Yan Lian looked at him levelly. “Shen Wei, your existence already draws attention. At this point I am choosing which kind of disaster I prefer.”
For the first time since the fire, his chest eased by a fraction.
Yan Lian set the manual on the workbench and began gathering materials with brisk purpose. She opened a cabinet under the bench and removed several jars sealed in wax. Inside were powders and residues in shades of iron red, silver gray, ochre yellow. She set them in a line.
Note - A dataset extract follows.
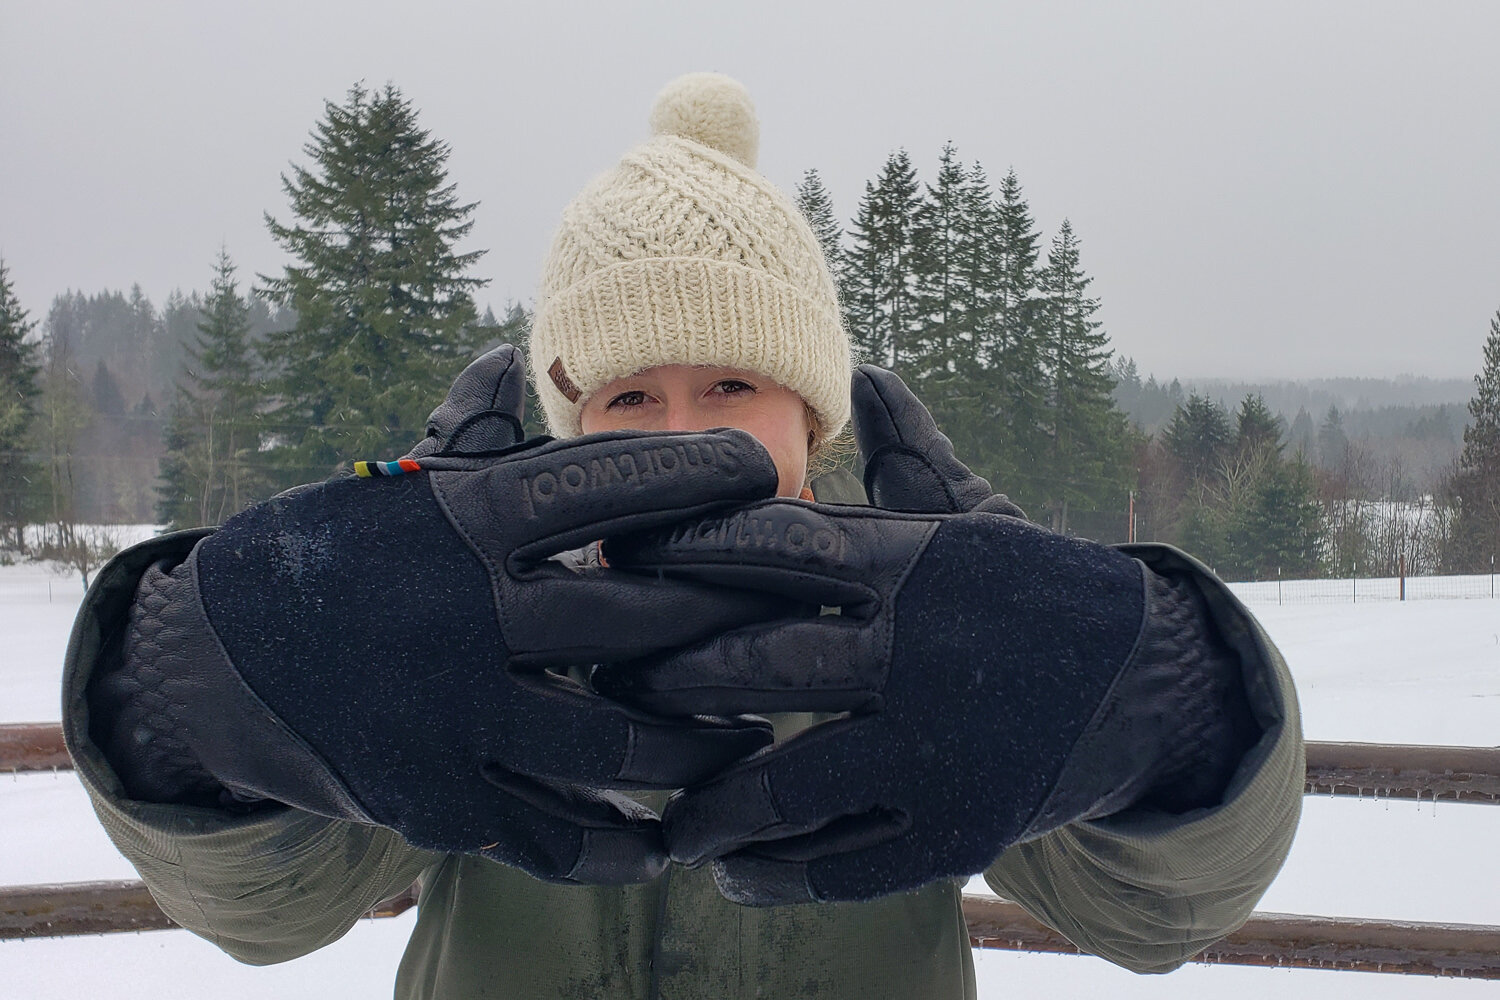 The Smartwool Ridgeway gloves are tough, stylish & versatile.

“If we are going to test a remnant-essence pill, we need a proper medium,” she said. “Orthodox qi stabilizes through circulation. Remnant essence is turbulent. It clings to death, to fracture, to what has been rejected. So we need a vessel with low adherence and high tolerance.”
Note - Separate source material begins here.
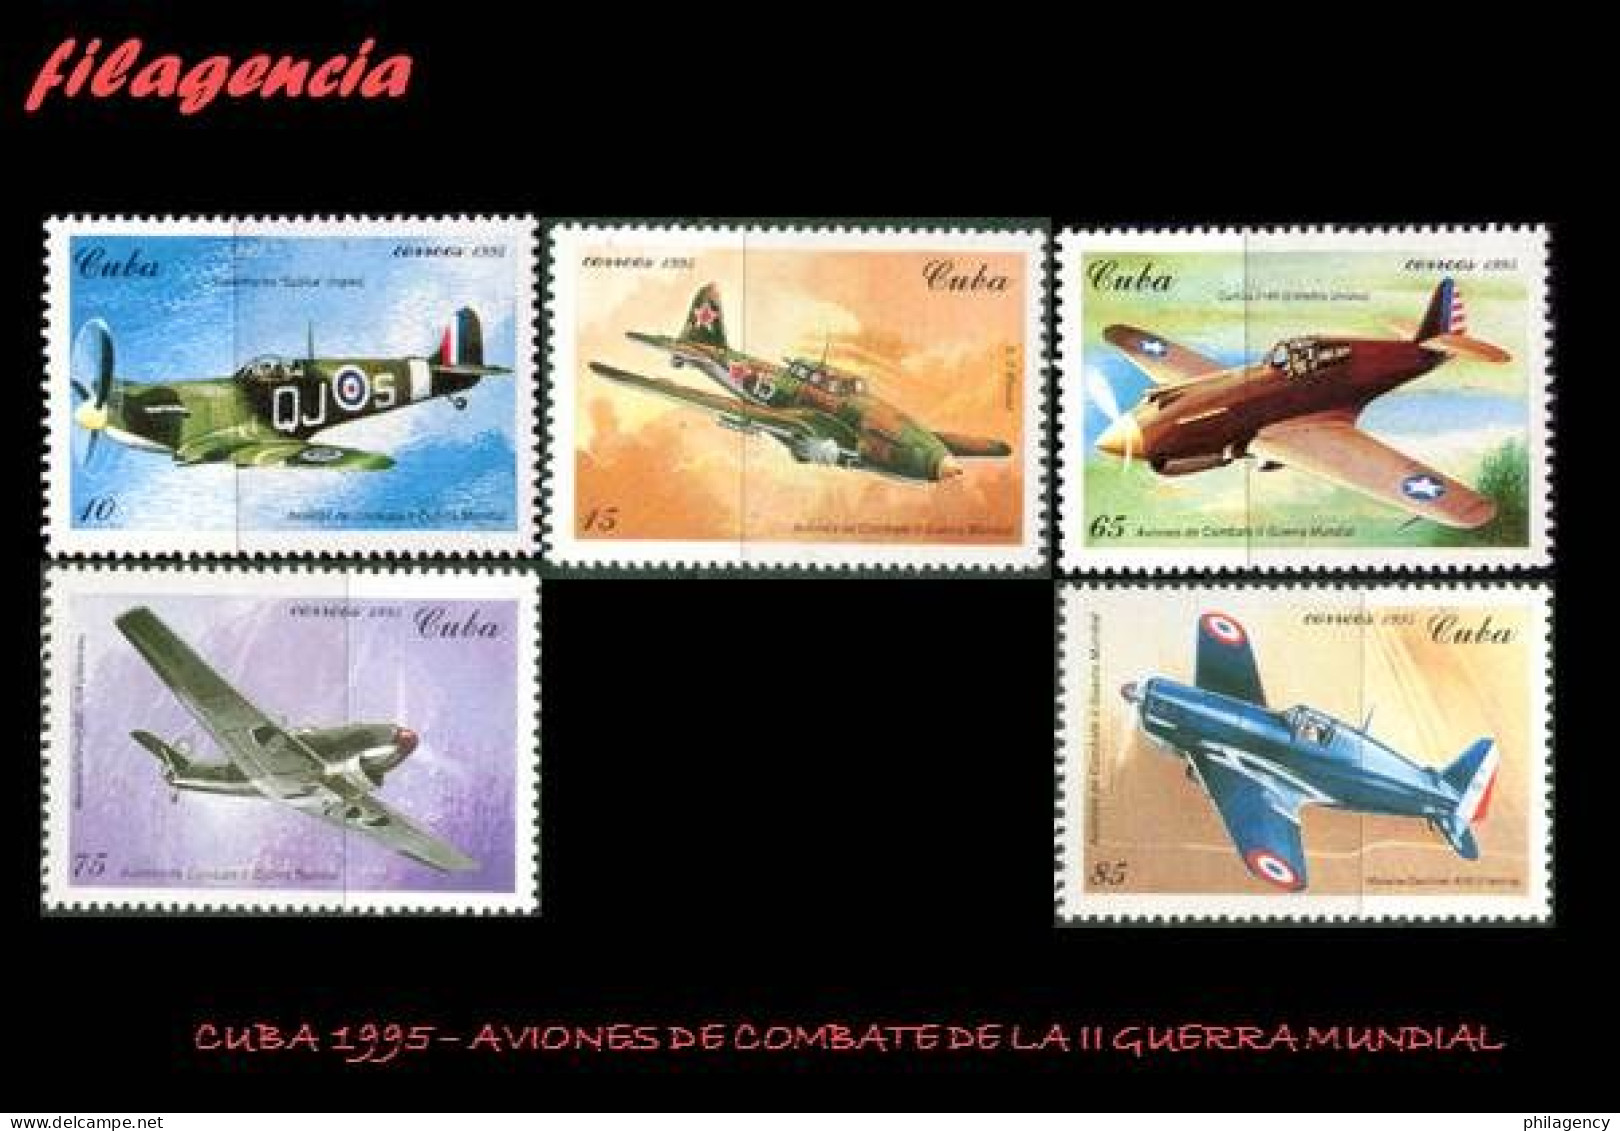 CUBA MINT. 1995-10 AVIONES DE COMBATE DE LA II GUERRA MUNDIAL - Unused Stamps

Shen Wei watched her move. “You speak like you have done this before.”
“Not this exact thing.” Her lips quirked. “But my teacher used to say pill refinement was merely convincing several ingredients to agree to the same lie. That principle applies everywhere.”
She selected a shallow black cauldron from the shelf, no bigger than a basin. Its interior was lined with faint scorch patterns, evidence that it had seen use long ago. “This kiln has a furnace core with broken spirit channels. Convenient. The fire will be uneven, which is usually a flaw—but in this case we may need pulses rather than steady heat.”
Shen Wei frowned. “Pulses?”
“Your manual mentions remnant essence as sediment, yes?”
He nodded.
“Sediment settles only if the water is still. If we keep the heat shifting, the residue stays suspended long enough to be shaped.” She picked up the manual again and tapped a line with one lacquered nail. “Here. They wrote about using a ‘breathing furnace.’ Most likely some antique method of regulating heat in cycles. Old crafting traditions loved metaphors because they were less likely to be copied properly.”
“You can do that?”
Yan Lian glanced at him with open offense. “Do you think I became a pill master by kissing jars?”
“I try not to think about your private habits.”